Restricted Application added a subscriber: Aklapper. · View Herald Transcript
aborrero added a project: User-aborrero.
aborrero moved this task from Backlog to Radar/observer on the User-aborrero board.

Ok so the IPv6 routing is in place in both eqiad and codfw. I just added the gw IP on the switch for cloud-private-b1-codfw a moment ago - 2a02:ec80:a100:205::1/64.

In terms of networks to allocate host routes announced in BGP the following are allocated:

SiteTypeIPv4 RangeIPv6 Range
eqiadPublic service VIPs185.15.56.160/282a02:ec80:a000:4000::/64
eqiadPrivate service VIPs172.20.255.0/242a02:ec80:a000:2ff::/64
codfwPublic service VIPs185.15.57.24/292a02:ec80:a100:4000::/64
codfwPrivate service VIPs172.20.254.0/242a02:ec80:a100:2ff::/64

We will need to create an IPv6 equivalent of the following BGP group on each cloudsw to enable hosts to announce routes from these ranges:

cmooney@cloudsw1-b1-codfw> show configuration routing-instances cloud protocols bgp group cloud_host | display set 
set routing-instances cloud protocols bgp group cloud_host import cloud_server_bgp
set routing-instances cloud protocols bgp group cloud_host family inet unicast prefix-limit maximum 100
set routing-instances cloud protocols bgp group cloud_host export NONE
set routing-instances cloud protocols bgp group cloud_host peer-as 64605
set routing-instances cloud protocols bgp group cloud_host bfd-liveness-detection minimum-interval 300
set routing-instances cloud protocols bgp group cloud_host neighbor 172.20.5.2 description cloudlb2001-dev
set routing-instances cloud protocols bgp group cloud_host neighbor 172.20.5.8 description cloudservices2004-dev
set routing-instances cloud protocols bgp group cloud_host neighbor 172.20.5.9 description cloudservices2005-dev
set routing-instances cloud protocols bgp group cloud_host neighbor 172.20.5.3 description cloudlb2002-dev
set routing-instances cloud protocols bgp group cloud_host neighbor 172.20.5.4 description cloudlb2003-dev

Should be fairly simple to do. Let's get the host side ready first to avoid generating BGP alerts for down neighbors though.

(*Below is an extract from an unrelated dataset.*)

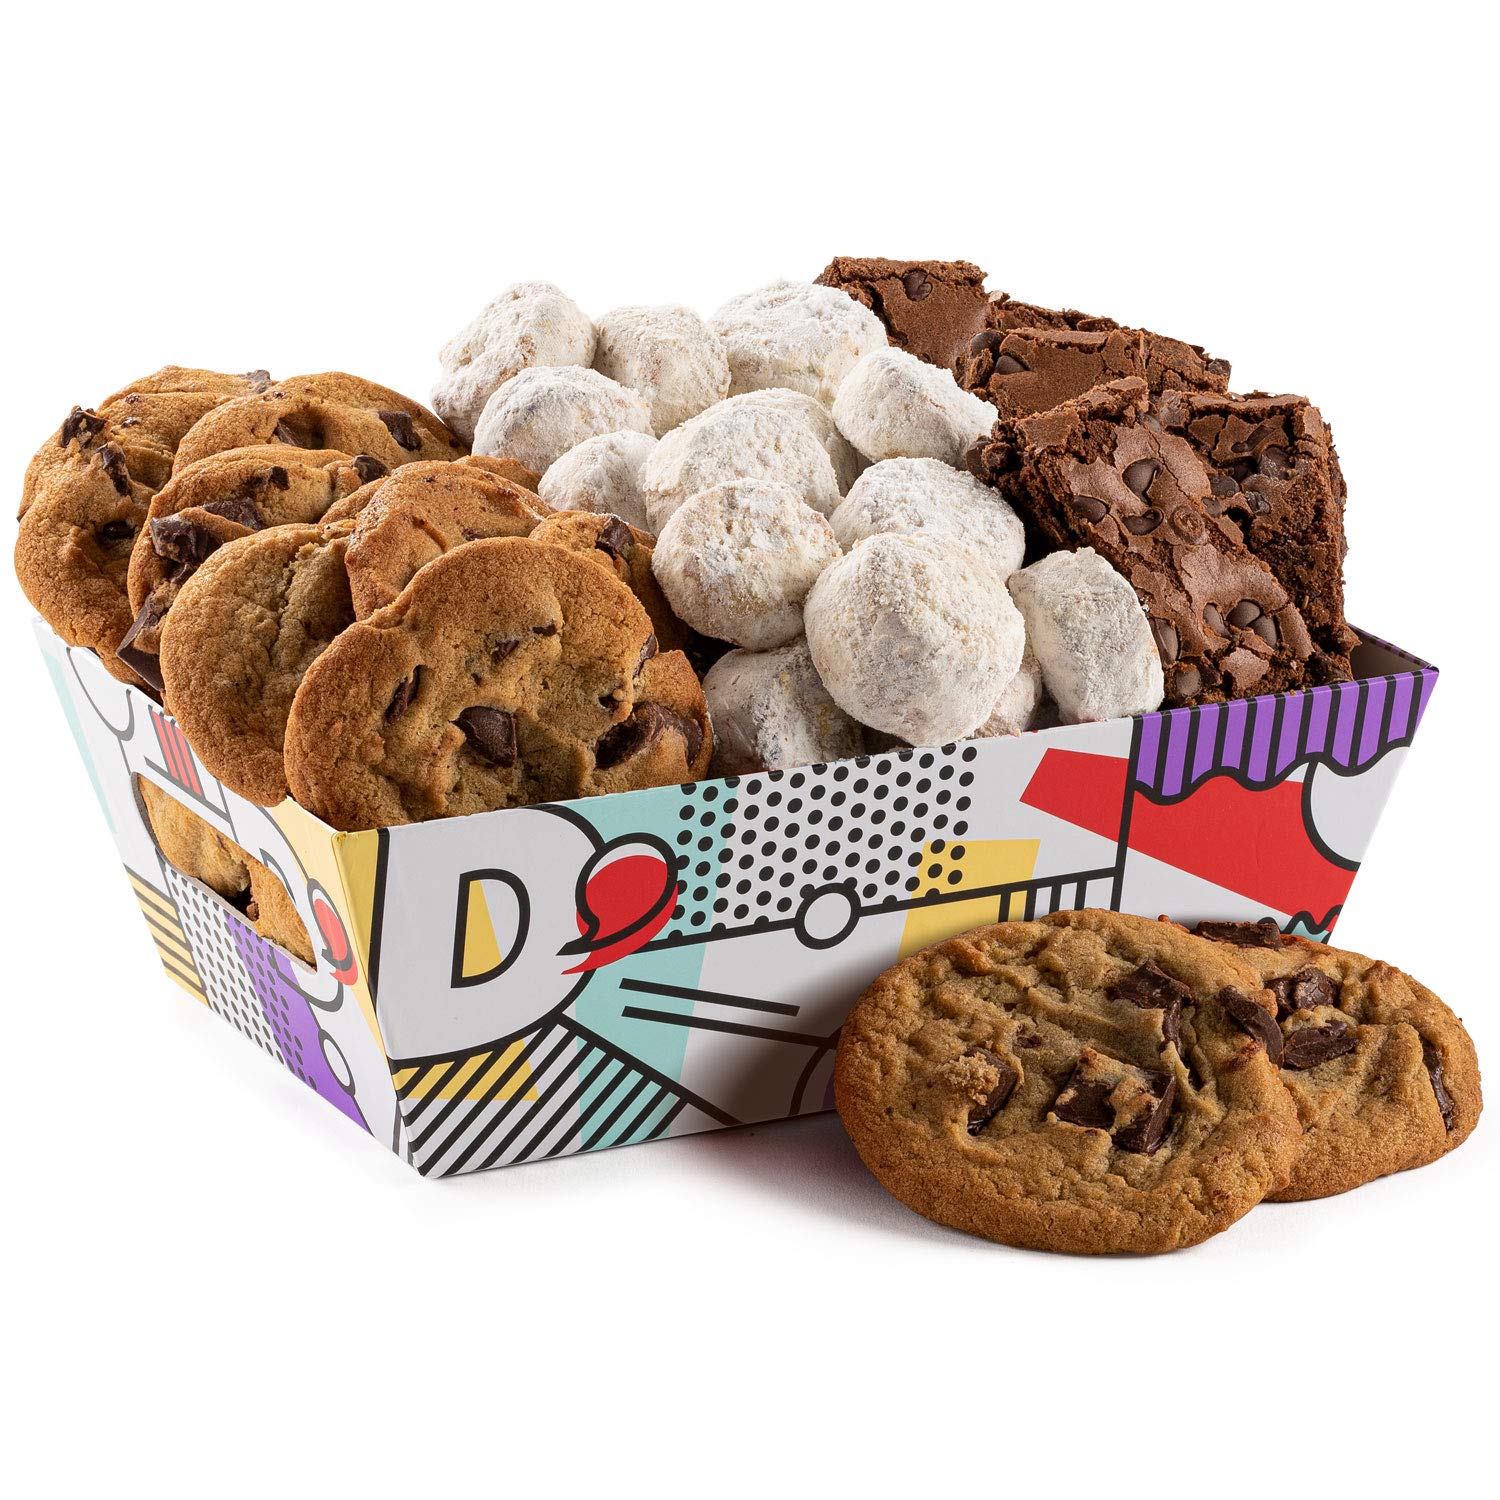 David's Cookies Basket Design - Branding by Miller Creative

Change #1134694 had a related patch set uploaded (by Majavah; author: Majavah):

[operations/puppet@production] network: Add v6 cloud-private addresses

https://gerrit.wikimedia.org/r/1134694

@taavi also bear in mind for the eqiad side we need an 'aggregate' route similar to this:

cmooney@cloudservices1005:~$ ip route get fibmatch 172.20.4.1
172.20.0.0/16 via 172.20.2.1 dev vlan1152

We also need "ip rules" added for any VIPs we announce, similar to these:

cmooney@cloudservices1005:~$ ip -br -4 addr show dev lo
lo               UNKNOWN        127.0.0.1/8 172.20.255.1/32 185.15.56.162/32 
cmooney@cloudservices1005:~$ 
cmooney@cloudservices1005:~$ ip rule show 
0:	from all lookup local
32764:	from 185.15.56.162 lookup cloud-private
32765:	from 172.20.255.1 lookup cloud-private
32766:	from all lookup main
32767:	from all lookup default

And finally another route table added, named 'cloud-private', which those rules direct lookups to:

cmooney@cloudservices1005:~$ ip route show table cloud-private 
default via 172.20.2.1 dev vlan1152

Puppetization I guess we can just copy & paste from the v4 stuff.

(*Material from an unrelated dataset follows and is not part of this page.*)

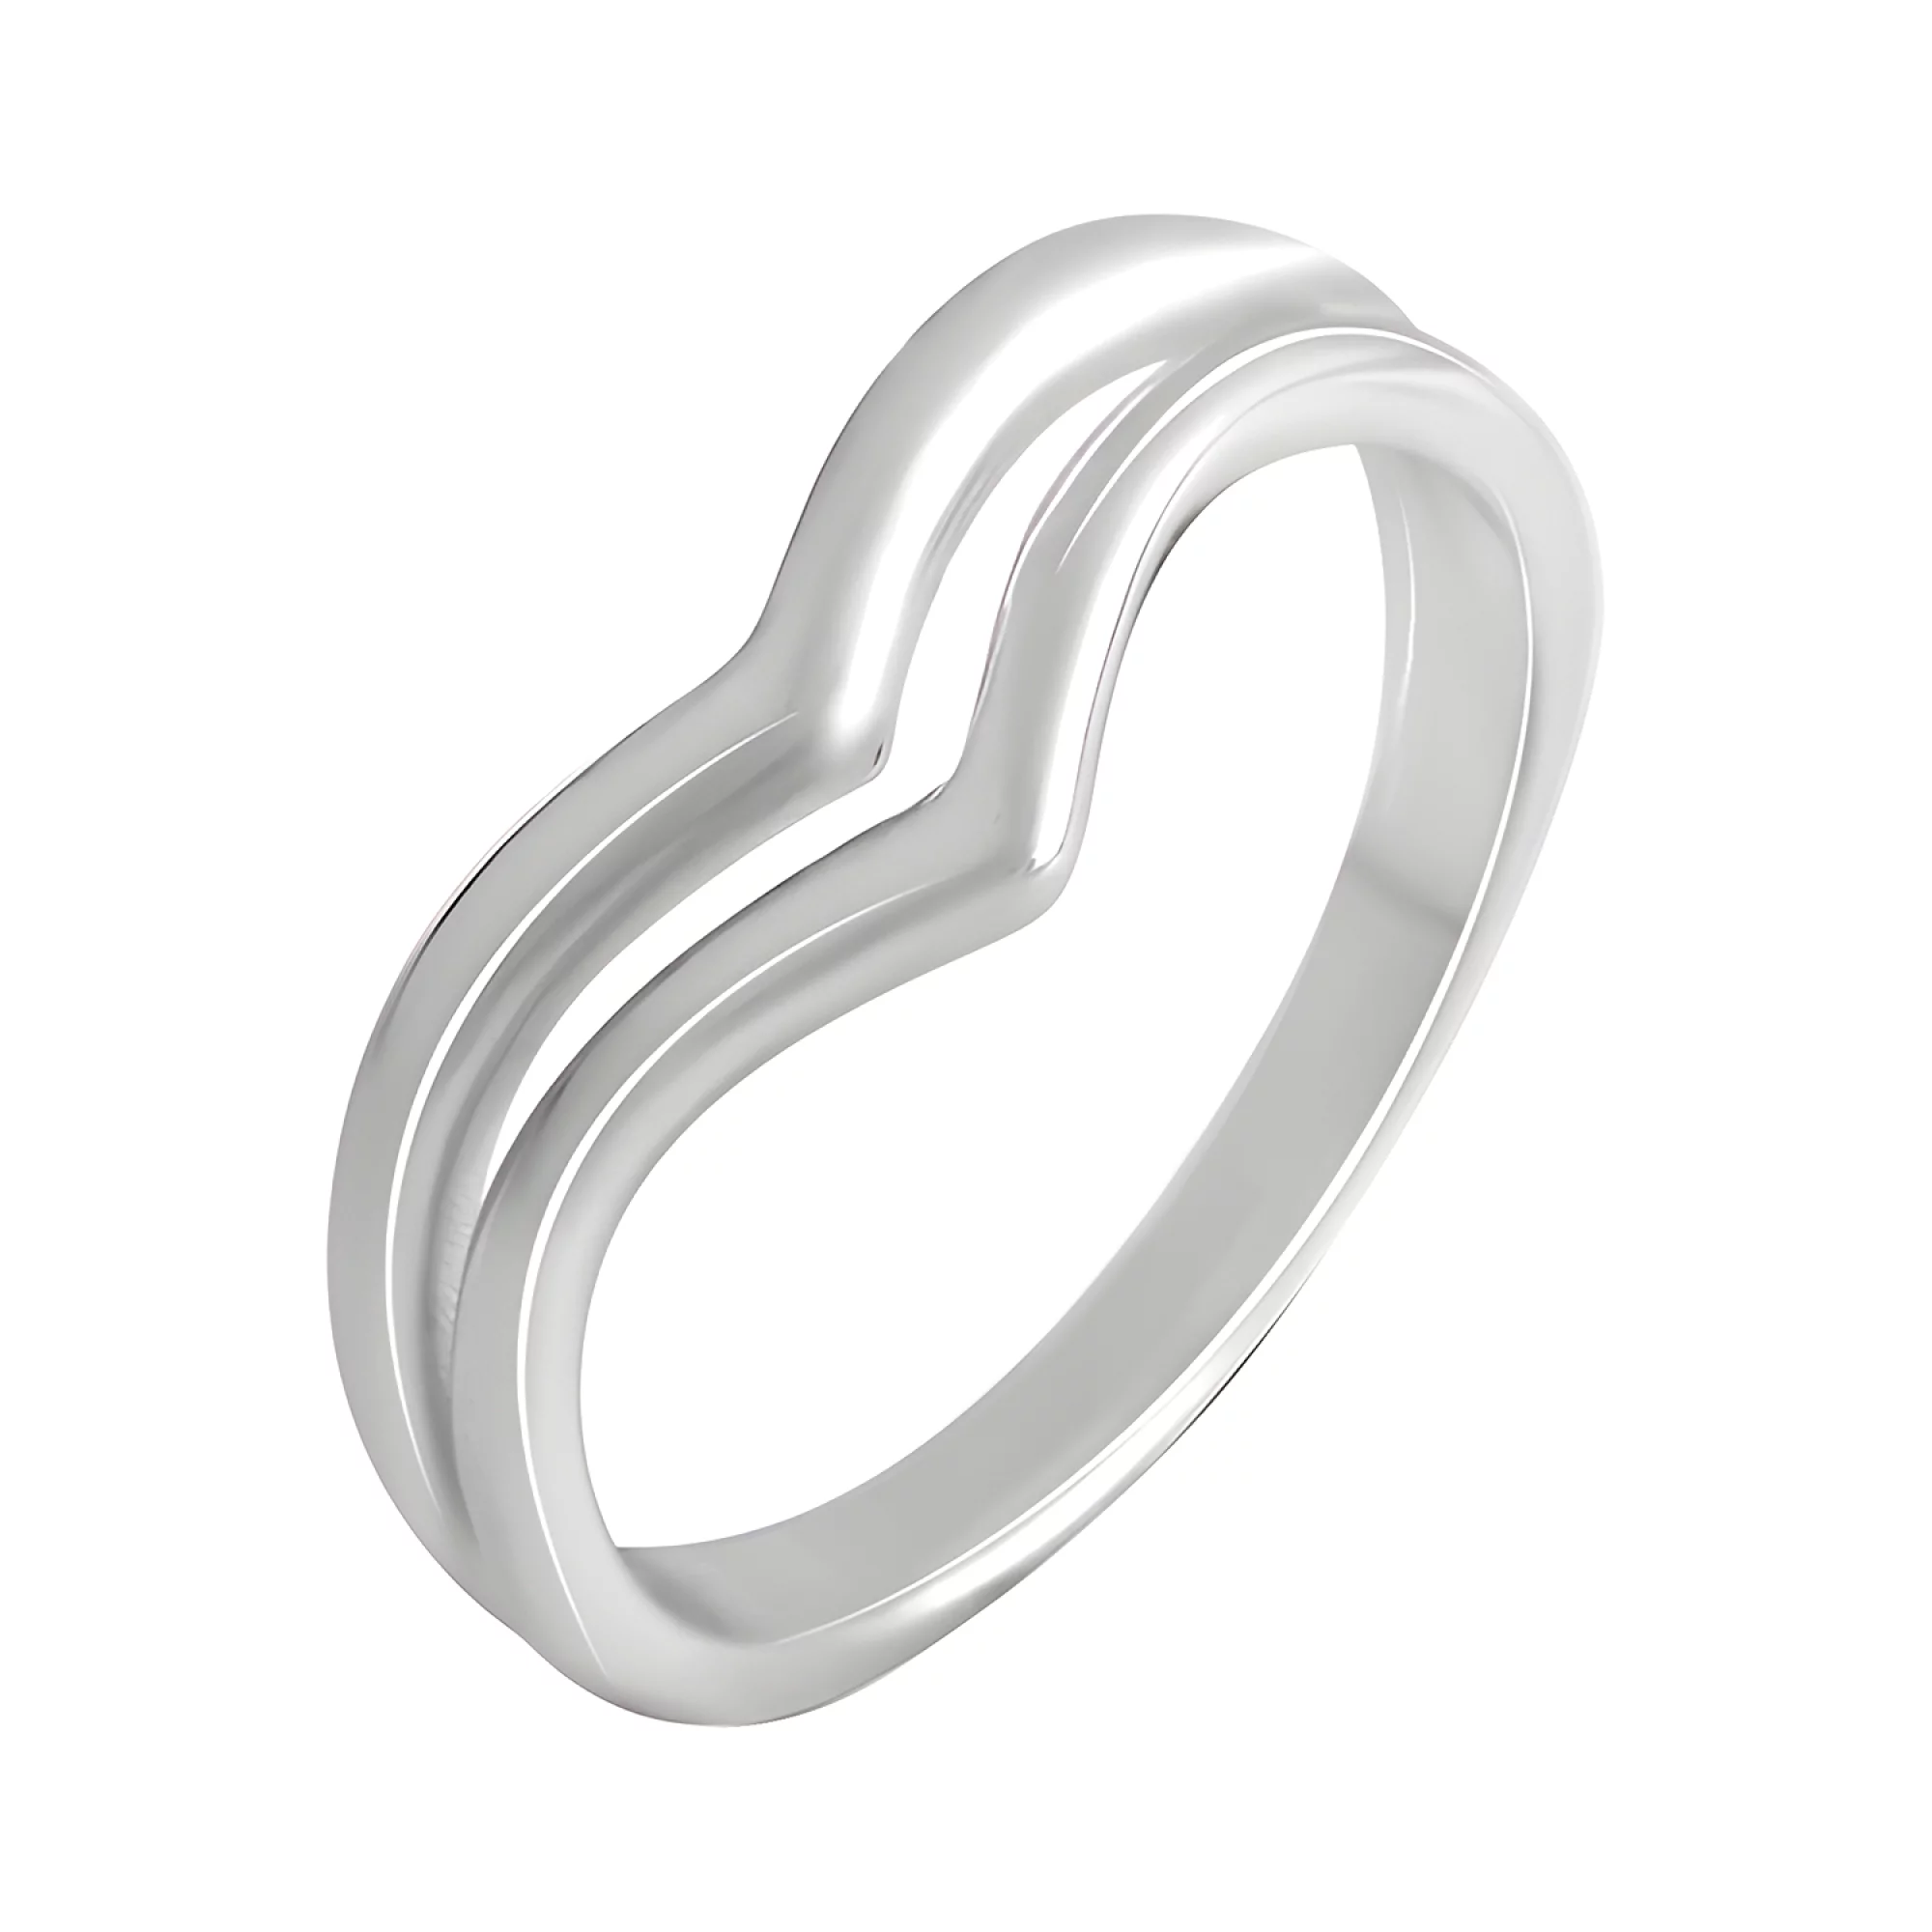 Двойное серебряное кольцо в минималистическом стиле - 1542845 – изображение 1

Change #1134694 merged by Majavah:

[operations/puppet@production] network: Add v6 cloud-private addresses

https://gerrit.wikimedia.org/r/1134694

Change #1134699 had a related patch set uploaded (by Majavah; author: Majavah):

[operations/puppet@production] P:bird: Allow enabling IPv6 without enabling all services on it

https://gerrit.wikimedia.org/r/1134699

Change #1134700 had a related patch set uploaded (by Majavah; author: Majavah):

[operations/puppet@production] hieradata: Announce OpenStack API over v6 from cloudlb2002-dev

https://gerrit.wikimedia.org/r/1134700

Change #1134699 had a related patch set uploaded (by Majavah; author: Majavah):

[operations/puppet@production] P:bird: Allow enabling IPv6 without enabling all services on it

https://gerrit.wikimedia.org/r/1134699

What is the expected outcome here in terms of BGP? I think it better we have a BGP session over the IPv6 IP addresses of the hosts and switches, to announce the IPv6 IPs. I should know what this puppetization will create, I guess it's a rinse-and-repeat of what we do for Anycast in prod? If it works great I guess, but we may need to think about a different profile in that puppet class or something if it doesn't do what we need.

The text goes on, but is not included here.